Print out the data below in full and exactly, skipping the pictures.

- **DATA SECTION**
########################################

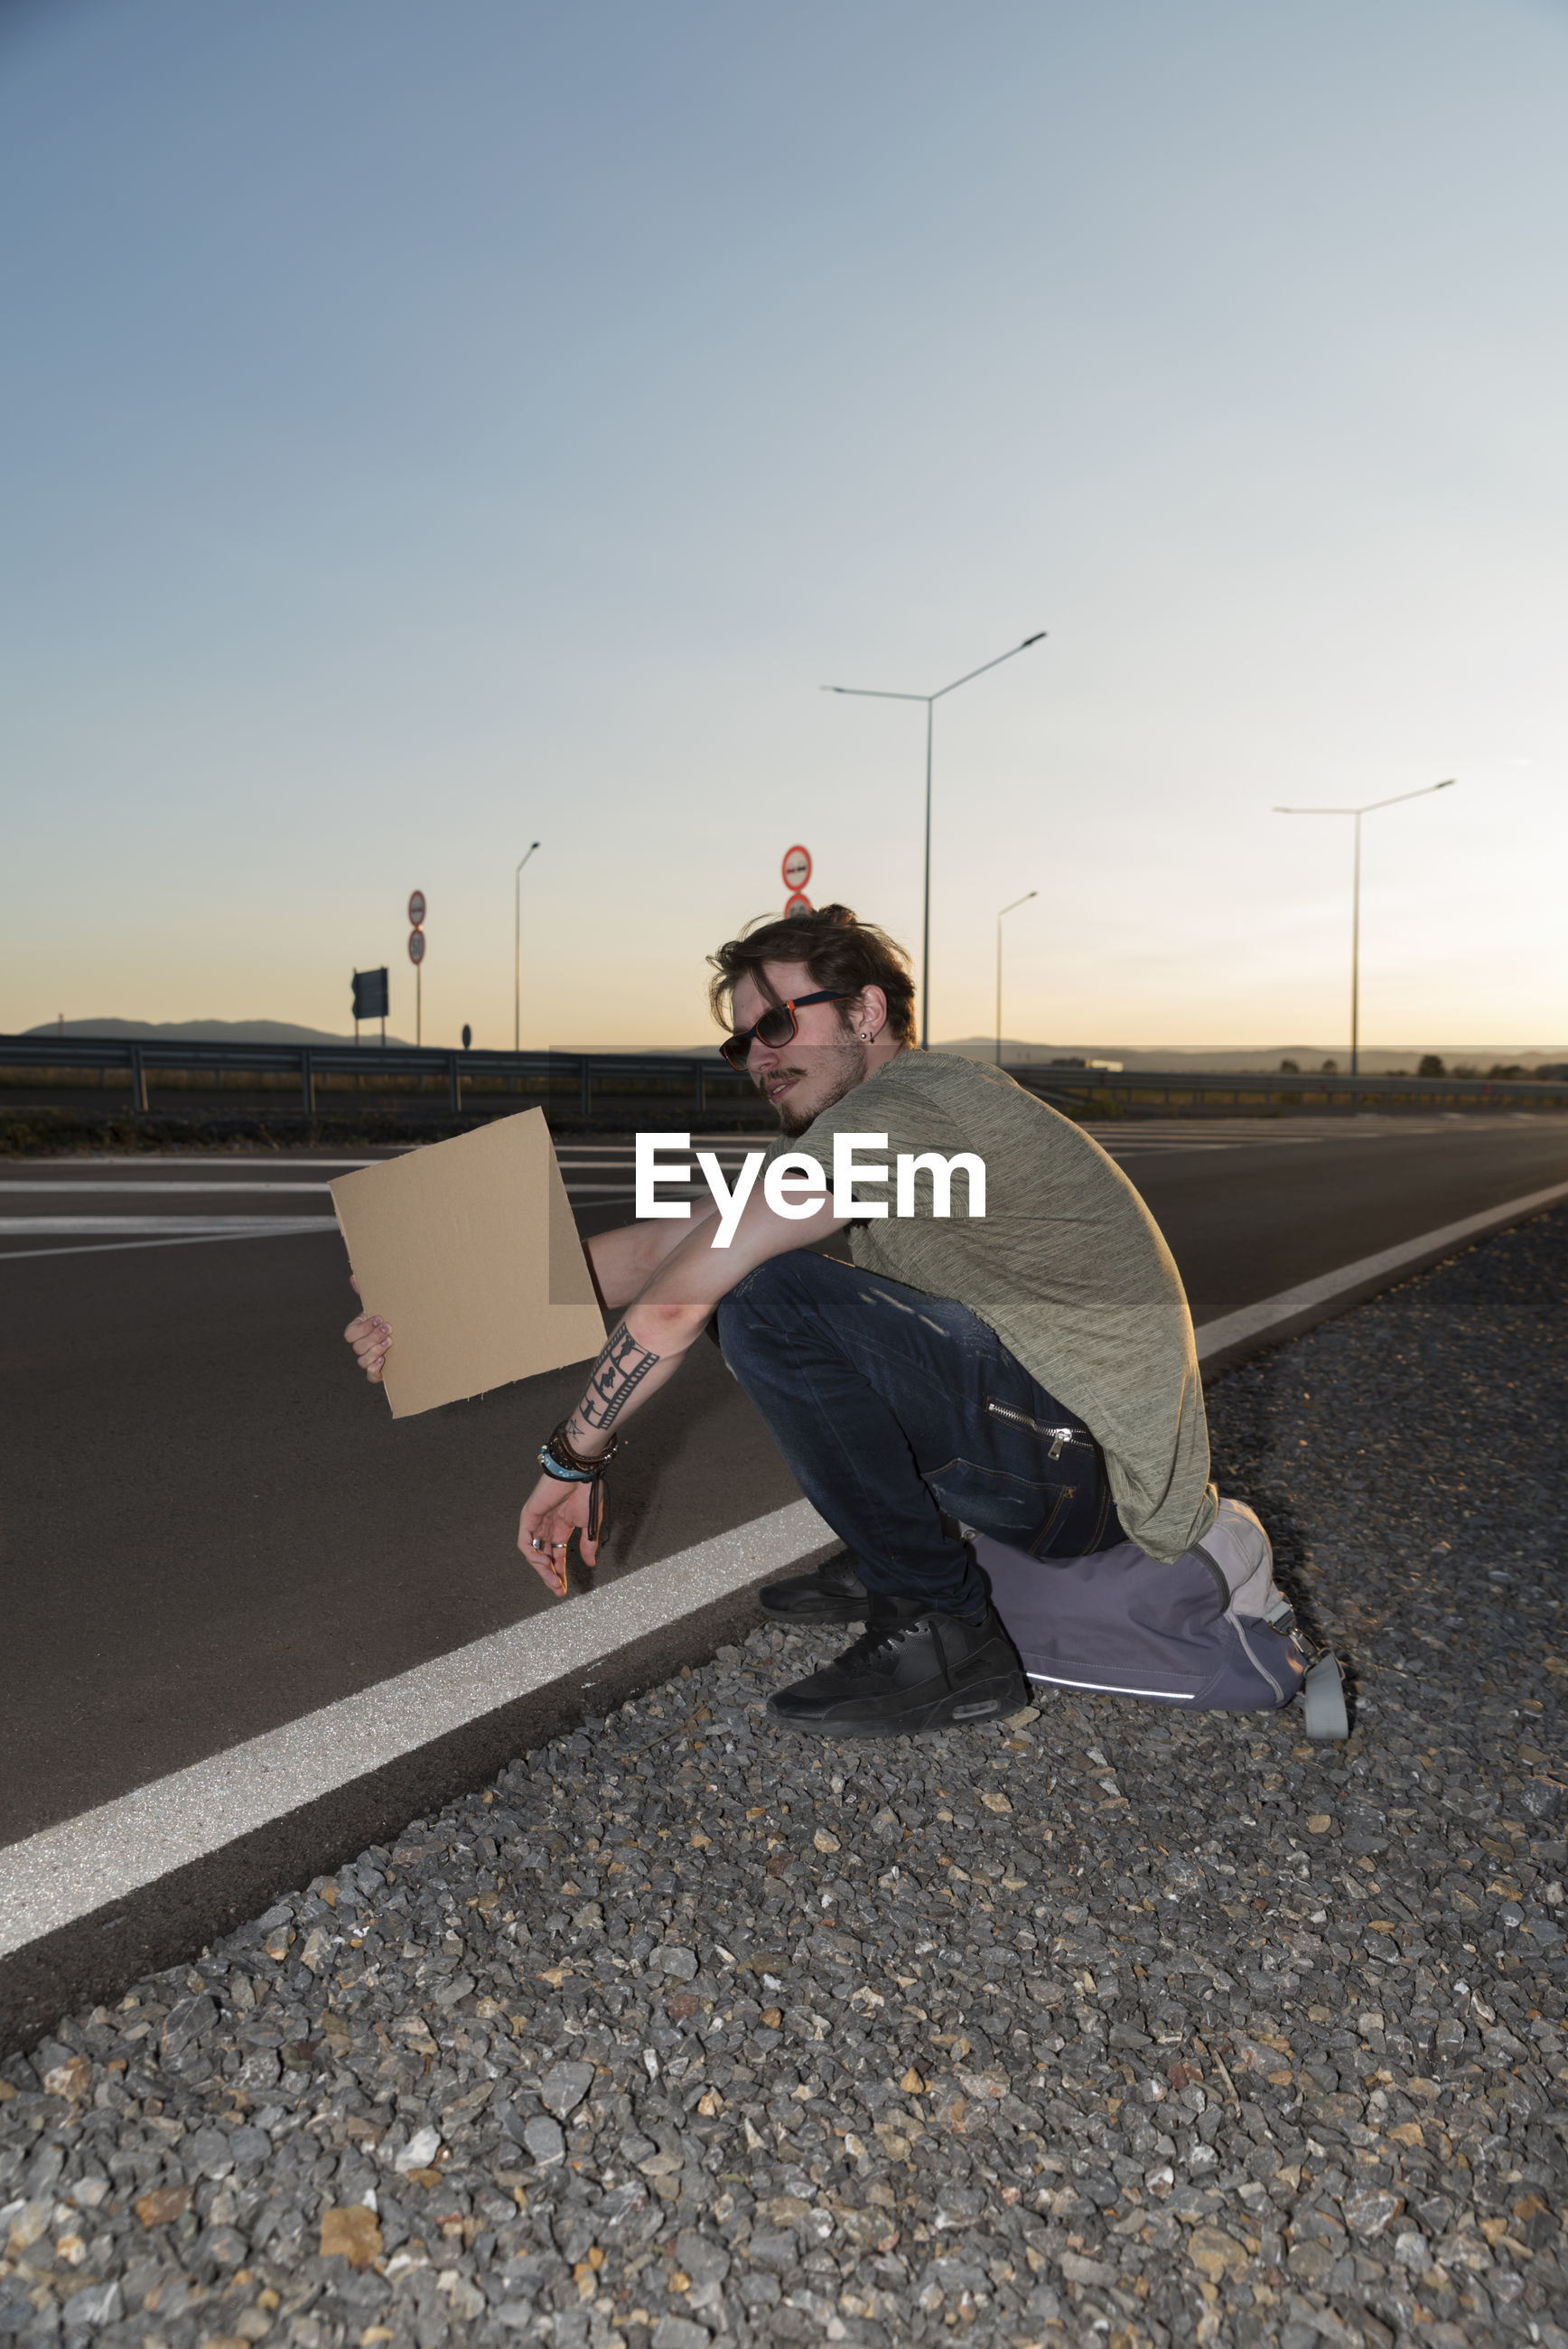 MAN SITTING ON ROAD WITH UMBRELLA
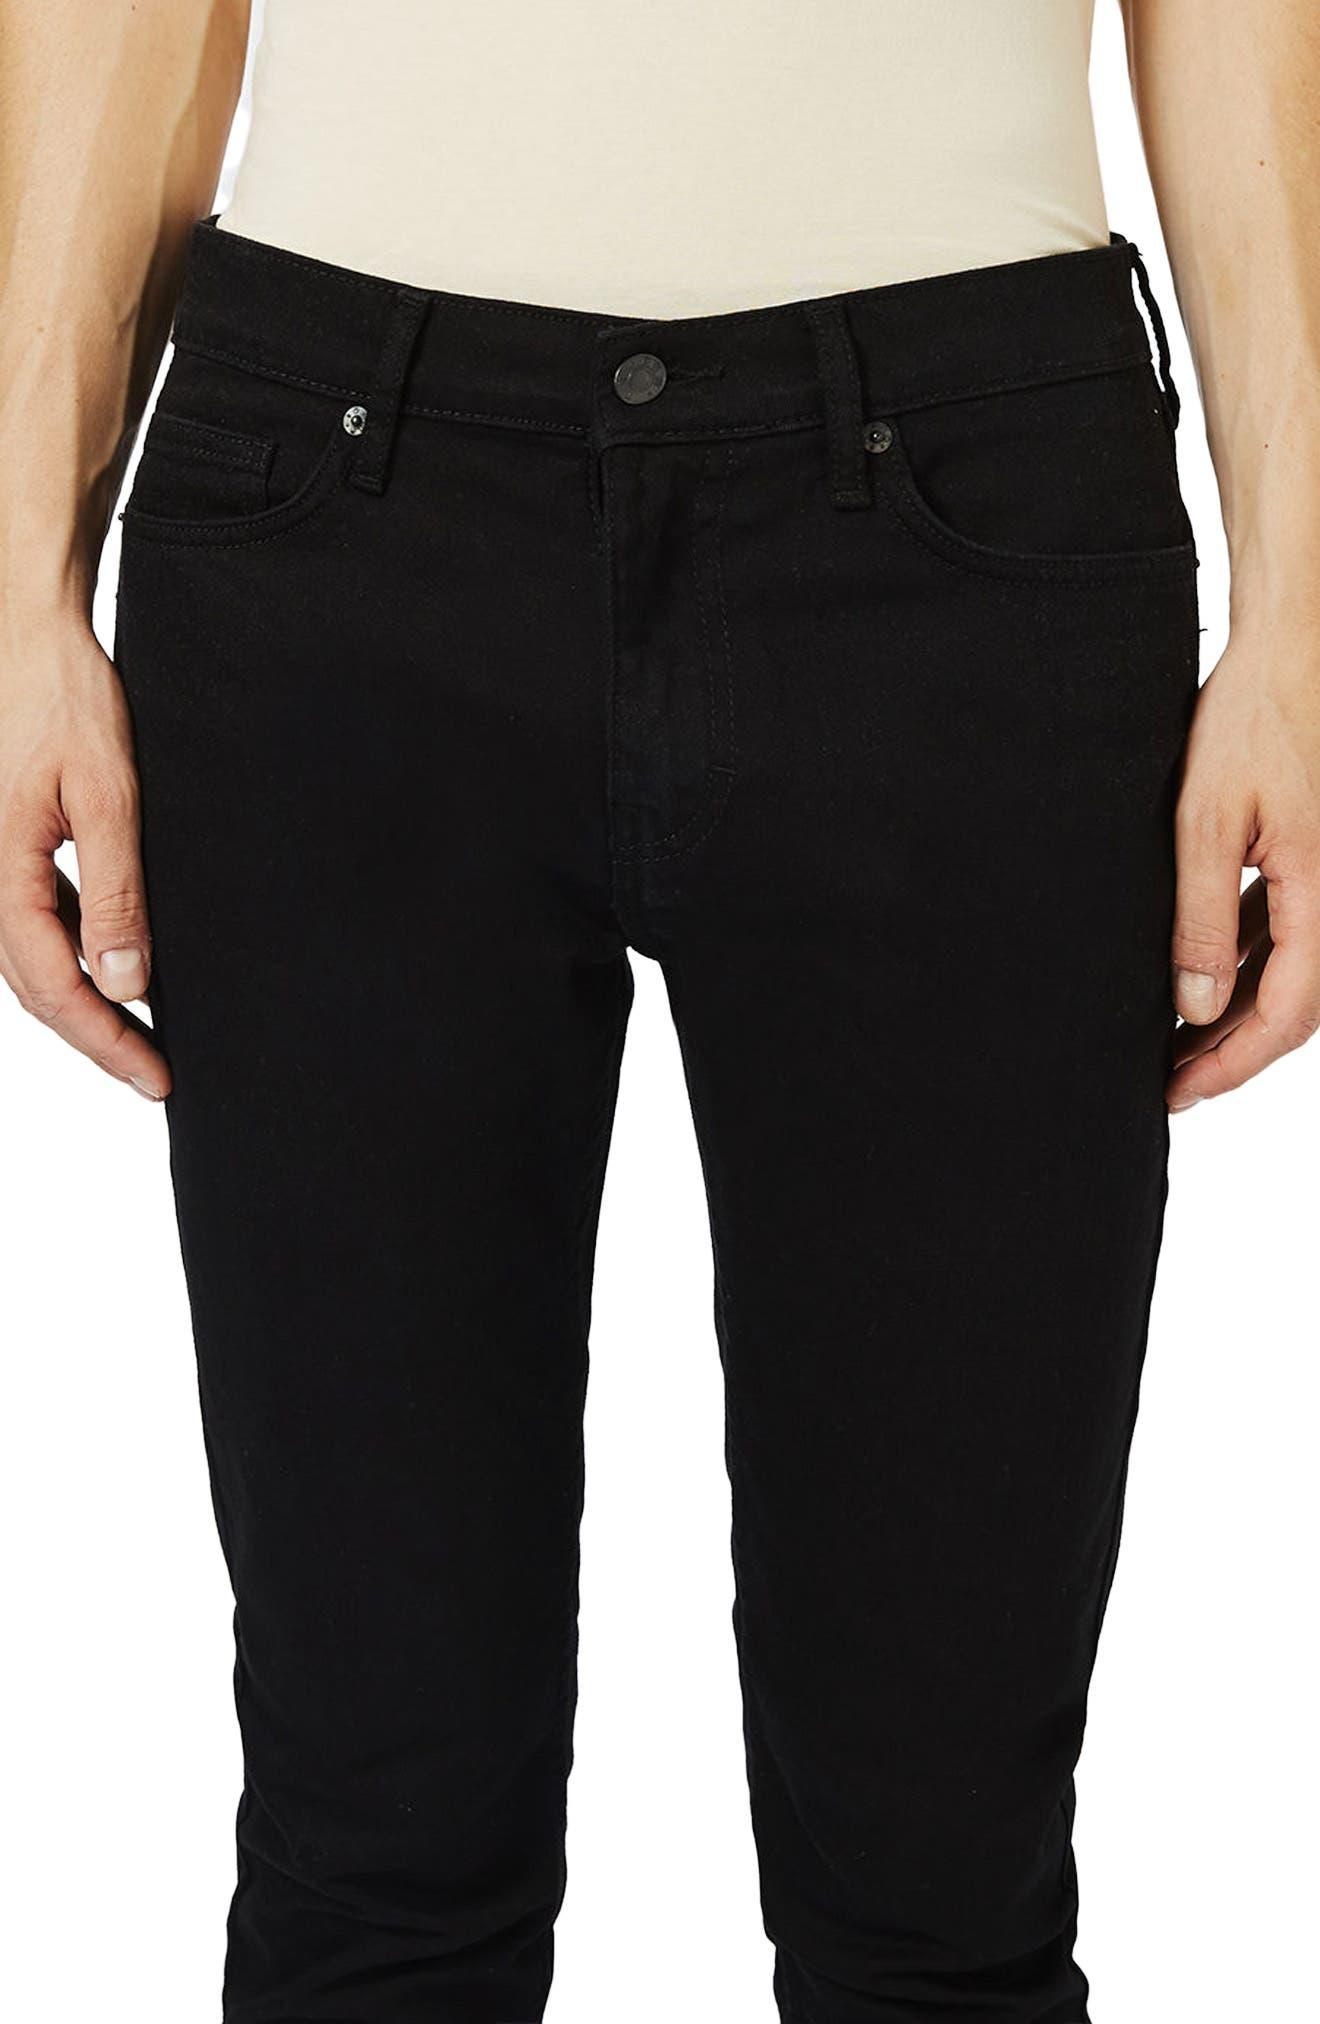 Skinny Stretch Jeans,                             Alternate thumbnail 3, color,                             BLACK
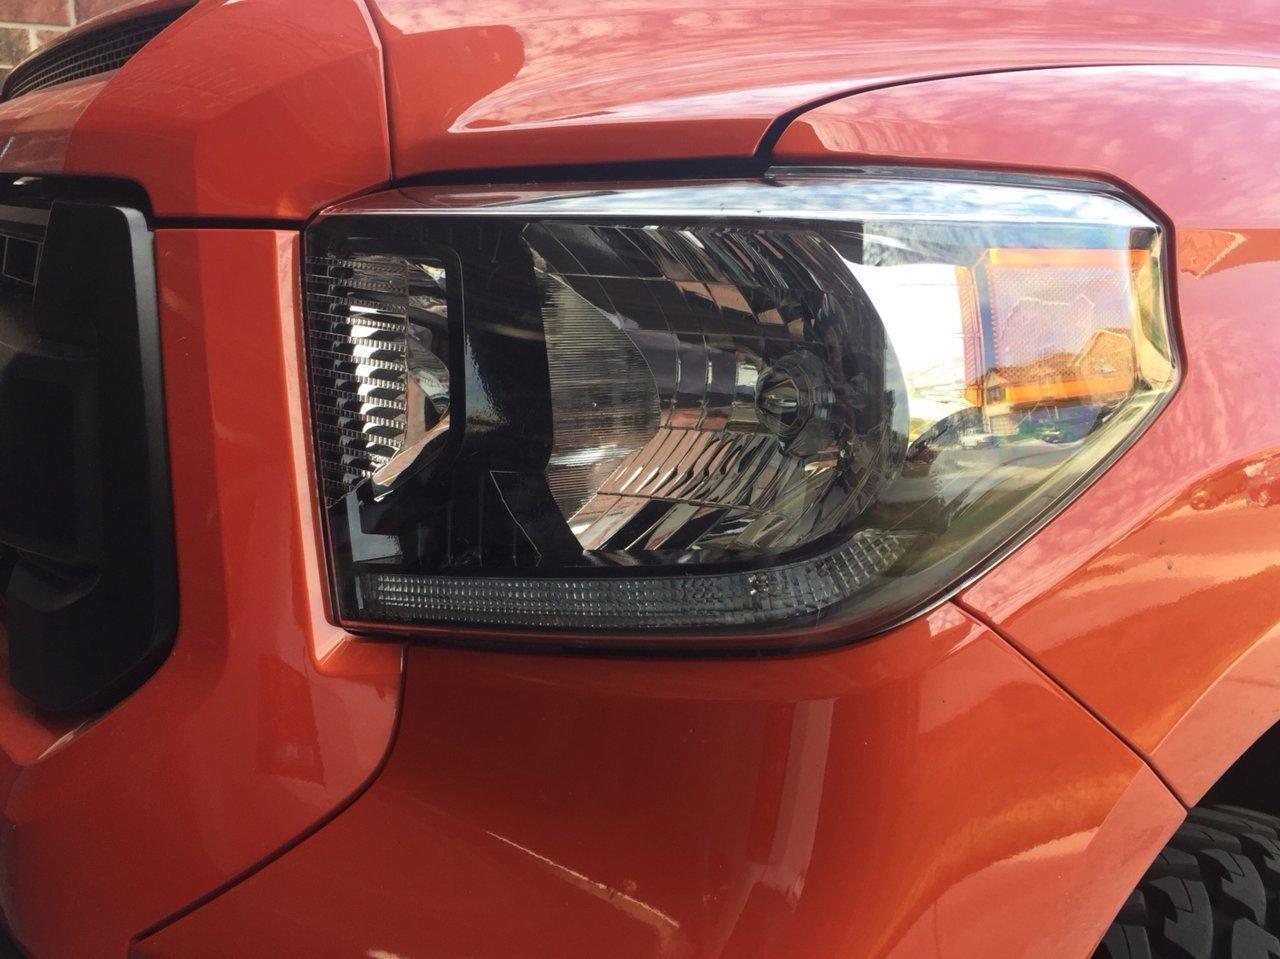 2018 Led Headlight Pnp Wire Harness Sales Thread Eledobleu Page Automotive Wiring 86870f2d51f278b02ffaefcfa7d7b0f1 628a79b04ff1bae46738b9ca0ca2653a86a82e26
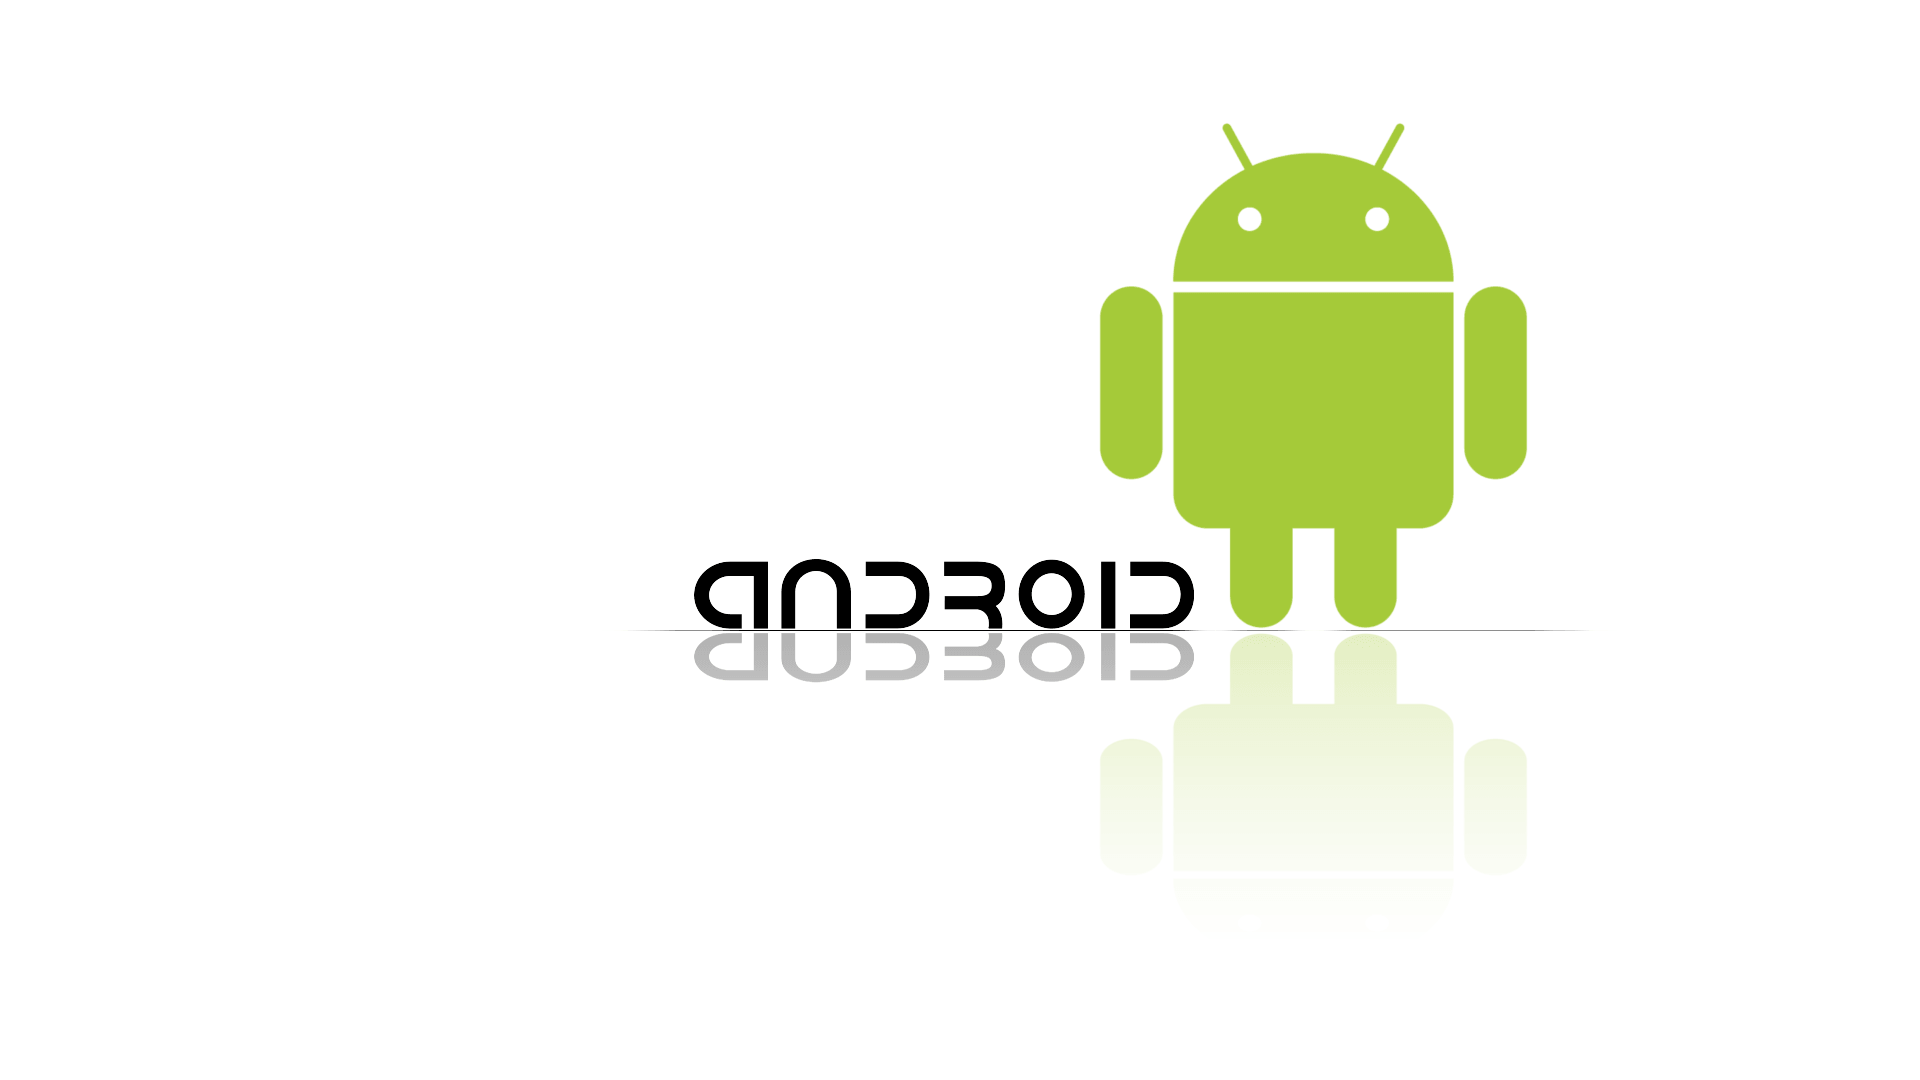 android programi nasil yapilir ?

########################################

- **SOLUTION**
 MAN SITTING ON ROAD WITH UMBRELLA
 Skinny Stretch Jeans,                             Alternate thumbnail 3, color,                             BLACK
 2018 Led Headlight Pnp Wire Harness Sales Thread Eledobleu Page Automotive Wiring 86870f2d51f278b02ffaefcfa7d7b0f1 628a79b04ff1bae46738b9ca0ca2653a86a82e26
 android programi nasil yapilir ?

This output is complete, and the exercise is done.